AMD Q4 2025 Earnings: Data Center Hit $5.4 Billion, But the Real Question Is What Happens When NVIDIA Supply Loosens

AMD closed Q4 2025 with record data center revenue of $5.4 billion and an OpenAI GPU partnership worth 6 gigawatts of Instinct deployments. The numbers look strong. The real debate is whether AMD is becoming a genuine second AI platform or whether this is still a hyperscaler-concentrated bet that the market is pricing as something cleaner than it is.

AMD Q4 2025 Earnings: Data Center Hit $5.4 Billion, But the Real Question Is What Happens When NVIDIA Supply Loosens
2026-04-16T13:52:31.928Z
AMD
Earnings
AI Semiconductors
Q4 2025
AI Infrastructure
Earnings

Post Highlights

  • AMD Business Model Explained

  • NVIDIA Q4 FY2026 Earnings Explained

  • TSMC Q4 2025 Earnings Explained

  • How Macro Conditions Affect NVIDIA

  • How to Read an Earnings Report as a Beginner

AMD reported Q4 2025 results on February 4, 2026, for the quarter ending December 27, 2025. This article assumes you already understand how AMD's four-segment business works, why the company is fabless, and what the CUDA vs ROCm software gap means for AMD's competitive position in AI. If you are starting fresh, read the AMD business model breakdown first.

The quarter produced record revenue, record net income, and record free cash flow across all segments. The data center number is the one that matters for anyone trying to understand where AMD is in the AI infrastructure race, and it deserves more than a headline.

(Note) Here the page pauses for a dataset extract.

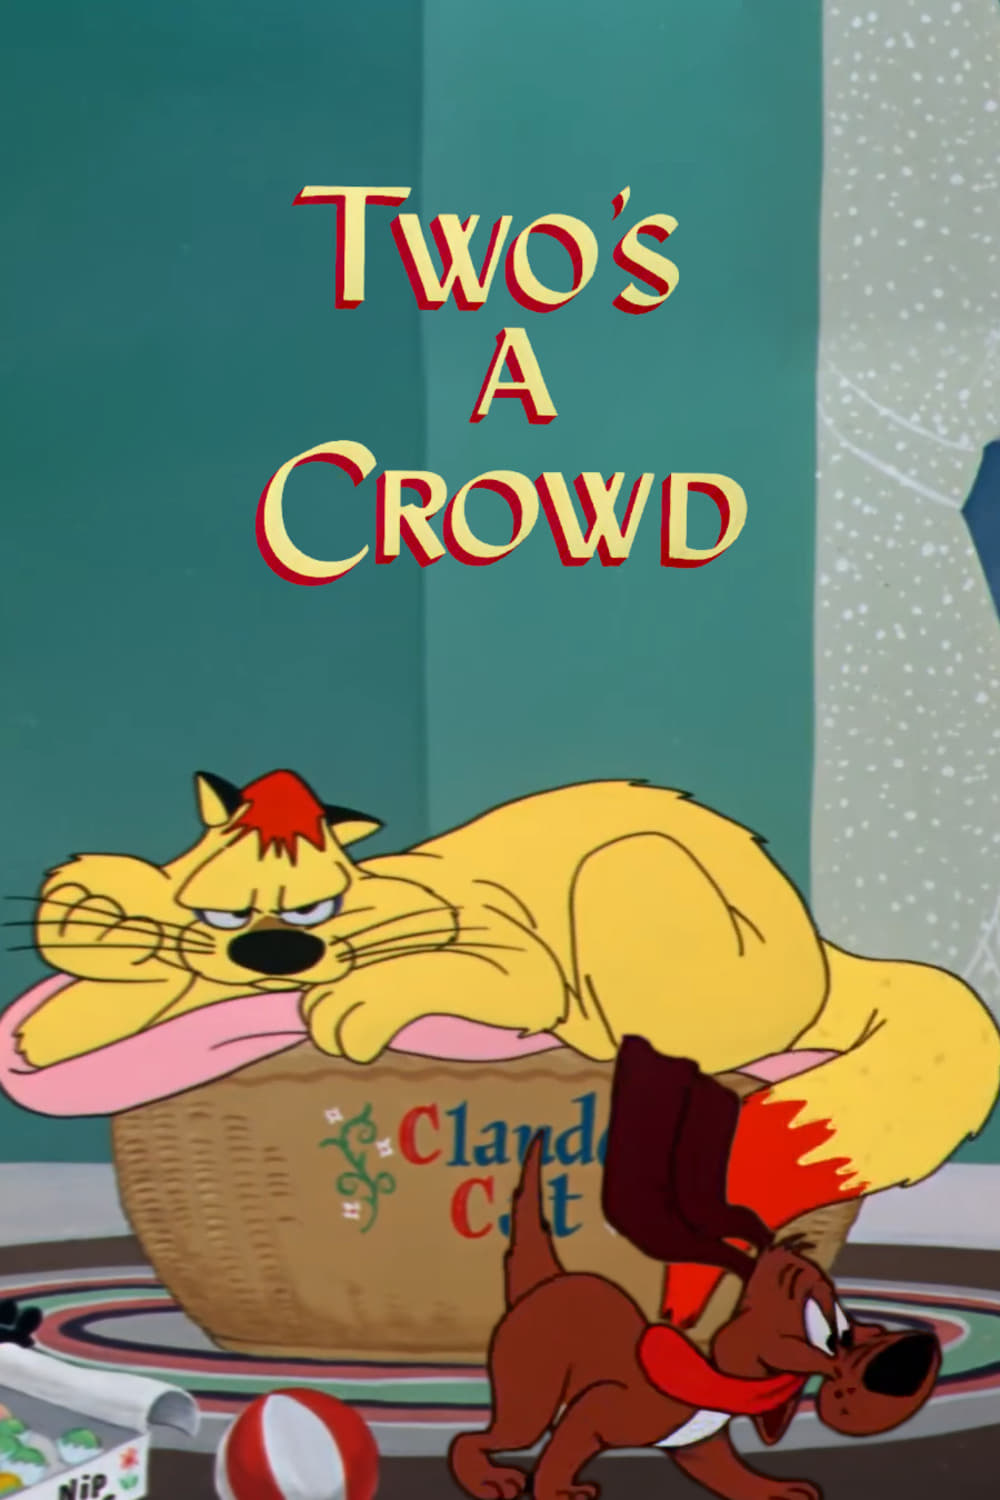 Two's a Crowd (1950)

The Quarter in One Sentence

Data center revenue grew 39% year over year to a record $5.4 billion. Everything else in this report should be read through that lens.

Q4 2025 Headline Results

Q4 2025 Headline Results
Metric Q4 2025 Q3 2025 Q4 2024 YoY Change
Revenue $10.270B $9.246B $7.658B +34%
GAAP gross margin 54% 52% 51% +3pp
Non-GAAP gross margin 57% 54% 54% +3pp
GAAP net income $1.511B $1.243B $0.482B +213%
Non-GAAP net income $2.519B $1.965B $1.777B +42%
GAAP diluted EPS $0.92 $0.75 $0.29 +217%
Non-GAAP diluted EPS $1.53 $1.20 $1.09 +40%
Adjusted EBITDA $3.048B $2.431B $2.198B +39%
Free cash flow $2.082B $1.530B $1.091B +91%
FCF margin 20% 17% 14% +6pp

The GAAP vs non-GAAP gap is large and worth understanding. The difference between GAAP net income ($1.511B) and non-GAAP net income ($2.519B) comes from four main items: stock-based compensation ($486M), amortization of acquisition-related intangibles ($557M), acquisition-related and other costs ($50M), and a $109M loss from discontinued operations related to the ZT Systems manufacturing business AMD divested in Q4. None of these items affect cash directly. FCF of $2.082B is the cleaner read on what the business generated in the quarter.

The GAAP net income jump of 213% year over year looks large relative to the non-GAAP 42% growth. The gap is explained by a Q4 2024 base that included $186M in restructuring charges and a $419M tax provision, both of which normalized in Q4 2025.

Full Year 2025

Full Year 2025
Metric FY2025 FY2024 YoY Change
Revenue $34.639B $25.785B +34%
Non-GAAP net income $6.831B $5.420B +26%
Non-GAAP EPS $4.17 $3.31 +26%
Adjusted EBITDA $8.521B $6.810B +25%
Free cash flow $5.519B $2.405B +129%
FCF margin 16% 9% +7pp

Free cash flow more than doubled year over year, from $2.405B to $5.519B. That improvement came partly from operating leverage and partly from working capital timing, but the direction is clear: AMD generates meaningfully more cash per dollar of revenue than it did in 2024.

Segment Breakdown

Segment Breakdown
Segment Q4 2025 Q3 2025 Q4 2024 YoY Share of Revenue
Data Center $5.380B $4.341B $3.859B +39% 52%
Client $3.097B $2.750B $2.313B +34% 30%
Gaming $0.843B $1.298B $0.563B +50% 8%
Embedded $0.950B $0.857B $0.923B +3% 9%
Total $10.270B $9.246B $7.658B +34% 100%
Segment FY2025 FY2024 YoY
Data Center $16.635B $12.579B +32%
Client $10.640B $7.054B +51%
Gaming $3.910B $2.595B +51%
Embedded $3.454B $3.557B -3%
Total $34.639B $25.785B +34%

Data Center: The Segment That Defines This Stock

Data center generated $5.380 billion in Q4 2025, up 39% year over year and 24% sequentially. For the full year, the segment produced $16.635 billion, up 32% from $12.579 billion in 2024.

Two drivers split the segment: EPYC server CPUs and Instinct AI GPUs.

EPYC server CPUs. Fifth-generation Turin processors accounted for more than half of server revenue in Q4. Hyperscalers launched over 500 AMD-based cloud instances across 2025, bringing the total EPYC cloud instance count to nearly 1,600, a 50% increase year over year. AWS, Google, and others expanded EPYC deployments throughout Q4. On the enterprise side, the number of large businesses deploying EPYC on-premises more than doubled in 2025. Lisa Su flagged that the server CPU order book strengthened over the last 60 days of the year, and Q1 2026 server CPU guidance is for sequential growth, which is unusual given that Q1 is normally seasonally weak for enterprise hardware.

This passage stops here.